[Dataset excerpts]
=== Begin Enclosure ===

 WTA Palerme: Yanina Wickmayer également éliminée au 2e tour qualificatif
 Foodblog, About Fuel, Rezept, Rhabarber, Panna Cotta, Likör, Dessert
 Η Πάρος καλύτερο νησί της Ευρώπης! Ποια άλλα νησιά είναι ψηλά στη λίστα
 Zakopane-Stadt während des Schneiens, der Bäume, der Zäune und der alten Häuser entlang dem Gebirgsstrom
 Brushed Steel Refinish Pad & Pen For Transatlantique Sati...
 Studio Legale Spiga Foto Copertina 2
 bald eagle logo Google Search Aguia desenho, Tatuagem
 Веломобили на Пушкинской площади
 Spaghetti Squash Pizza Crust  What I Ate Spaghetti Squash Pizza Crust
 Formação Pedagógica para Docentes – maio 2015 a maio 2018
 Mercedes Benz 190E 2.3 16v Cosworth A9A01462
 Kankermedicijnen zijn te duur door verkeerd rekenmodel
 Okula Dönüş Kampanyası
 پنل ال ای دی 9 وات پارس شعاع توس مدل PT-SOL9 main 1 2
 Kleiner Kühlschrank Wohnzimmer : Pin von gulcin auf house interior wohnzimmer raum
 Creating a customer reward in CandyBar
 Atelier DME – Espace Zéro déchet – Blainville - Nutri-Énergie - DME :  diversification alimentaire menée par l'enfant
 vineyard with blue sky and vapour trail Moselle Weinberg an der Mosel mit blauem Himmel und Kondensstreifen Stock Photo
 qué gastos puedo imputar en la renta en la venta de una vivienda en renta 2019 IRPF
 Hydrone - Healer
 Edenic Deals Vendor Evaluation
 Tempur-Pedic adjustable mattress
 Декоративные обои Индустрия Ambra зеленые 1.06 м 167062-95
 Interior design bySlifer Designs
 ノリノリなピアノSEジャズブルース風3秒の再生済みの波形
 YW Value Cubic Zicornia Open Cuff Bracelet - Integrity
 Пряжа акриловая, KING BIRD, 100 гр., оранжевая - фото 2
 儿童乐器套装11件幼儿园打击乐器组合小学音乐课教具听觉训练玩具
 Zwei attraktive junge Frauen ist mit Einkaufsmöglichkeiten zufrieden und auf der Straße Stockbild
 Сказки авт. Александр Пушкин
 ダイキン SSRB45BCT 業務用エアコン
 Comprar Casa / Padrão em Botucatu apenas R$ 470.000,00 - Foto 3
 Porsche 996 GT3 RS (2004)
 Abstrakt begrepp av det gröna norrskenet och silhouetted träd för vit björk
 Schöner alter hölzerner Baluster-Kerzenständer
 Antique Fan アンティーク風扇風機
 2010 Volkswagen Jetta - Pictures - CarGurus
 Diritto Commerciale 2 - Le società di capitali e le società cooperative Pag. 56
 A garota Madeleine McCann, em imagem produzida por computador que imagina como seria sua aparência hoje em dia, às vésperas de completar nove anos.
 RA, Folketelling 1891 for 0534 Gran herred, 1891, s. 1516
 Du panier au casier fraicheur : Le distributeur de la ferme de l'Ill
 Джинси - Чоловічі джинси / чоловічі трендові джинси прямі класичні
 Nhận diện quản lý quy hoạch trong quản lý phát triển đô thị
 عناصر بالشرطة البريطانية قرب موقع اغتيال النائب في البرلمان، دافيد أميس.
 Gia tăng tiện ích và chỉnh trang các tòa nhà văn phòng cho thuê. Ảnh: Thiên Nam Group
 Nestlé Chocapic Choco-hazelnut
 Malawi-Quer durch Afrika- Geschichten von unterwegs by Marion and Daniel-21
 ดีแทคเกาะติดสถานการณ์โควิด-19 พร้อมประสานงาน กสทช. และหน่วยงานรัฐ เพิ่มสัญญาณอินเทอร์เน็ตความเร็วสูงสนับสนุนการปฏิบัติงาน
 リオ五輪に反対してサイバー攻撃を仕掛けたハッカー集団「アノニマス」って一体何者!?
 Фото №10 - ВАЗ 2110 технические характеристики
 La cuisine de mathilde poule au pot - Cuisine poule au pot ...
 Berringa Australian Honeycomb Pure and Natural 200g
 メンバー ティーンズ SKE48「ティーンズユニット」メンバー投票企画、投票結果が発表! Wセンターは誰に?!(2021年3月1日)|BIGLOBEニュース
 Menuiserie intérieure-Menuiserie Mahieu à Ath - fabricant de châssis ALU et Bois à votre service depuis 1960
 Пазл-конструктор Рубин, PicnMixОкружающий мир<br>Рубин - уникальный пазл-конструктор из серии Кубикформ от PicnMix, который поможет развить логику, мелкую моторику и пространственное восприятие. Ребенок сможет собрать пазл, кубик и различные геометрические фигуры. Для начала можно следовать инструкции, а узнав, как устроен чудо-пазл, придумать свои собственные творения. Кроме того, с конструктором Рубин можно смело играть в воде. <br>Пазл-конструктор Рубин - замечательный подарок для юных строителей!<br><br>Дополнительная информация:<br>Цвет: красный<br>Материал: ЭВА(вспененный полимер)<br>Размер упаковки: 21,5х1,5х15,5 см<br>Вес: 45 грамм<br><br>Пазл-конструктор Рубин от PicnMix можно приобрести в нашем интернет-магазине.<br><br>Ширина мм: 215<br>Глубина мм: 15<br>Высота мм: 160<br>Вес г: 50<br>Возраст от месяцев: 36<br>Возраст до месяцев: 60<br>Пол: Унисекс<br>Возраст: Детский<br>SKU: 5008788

=== End Enclosure ===

Aim of the task:
Take the line above containing "Comprar Casa /", the line containing "ดีแทคเกาะติดสถานการณ์โควิด-19 พร้อมประสานงาน กสทช.", and all lines in between, and copy them exactly without anything else.

Task response:
 Comprar Casa / Padrão em Botucatu apenas R$ 470.000,00 - Foto 3
 Porsche 996 GT3 RS (2004)
 Abstrakt begrepp av det gröna norrskenet och silhouetted träd för vit björk
 Schöner alter hölzerner Baluster-Kerzenständer
 Antique Fan アンティーク風扇風機
 2010 Volkswagen Jetta - Pictures - CarGurus
 Diritto Commerciale 2 - Le società di capitali e le società cooperative Pag. 56
 A garota Madeleine McCann, em imagem produzida por computador que imagina como seria sua aparência hoje em dia, às vésperas de completar nove anos.
 RA, Folketelling 1891 for 0534 Gran herred, 1891, s. 1516
 Du panier au casier fraicheur : Le distributeur de la ferme de l'Ill
 Джинси - Чоловічі джинси / чоловічі трендові джинси прямі класичні
 Nhận diện quản lý quy hoạch trong quản lý phát triển đô thị
 عناصر بالشرطة البريطانية قرب موقع اغتيال النائب في البرلمان، دافيد أميس.
 Gia tăng tiện ích và chỉnh trang các tòa nhà văn phòng cho thuê. Ảnh: Thiên Nam Group
 Nestlé Chocapic Choco-hazelnut
 Malawi-Quer durch Afrika- Geschichten von unterwegs by Marion and Daniel-21
 ดีแทคเกาะติดสถานการณ์โควิด-19 พร้อมประสานงาน กสทช. และหน่วยงานรัฐ เพิ่มสัญญาณอินเทอร์เน็ตความเร็วสูงสนับสนุนการปฏิบัติงาน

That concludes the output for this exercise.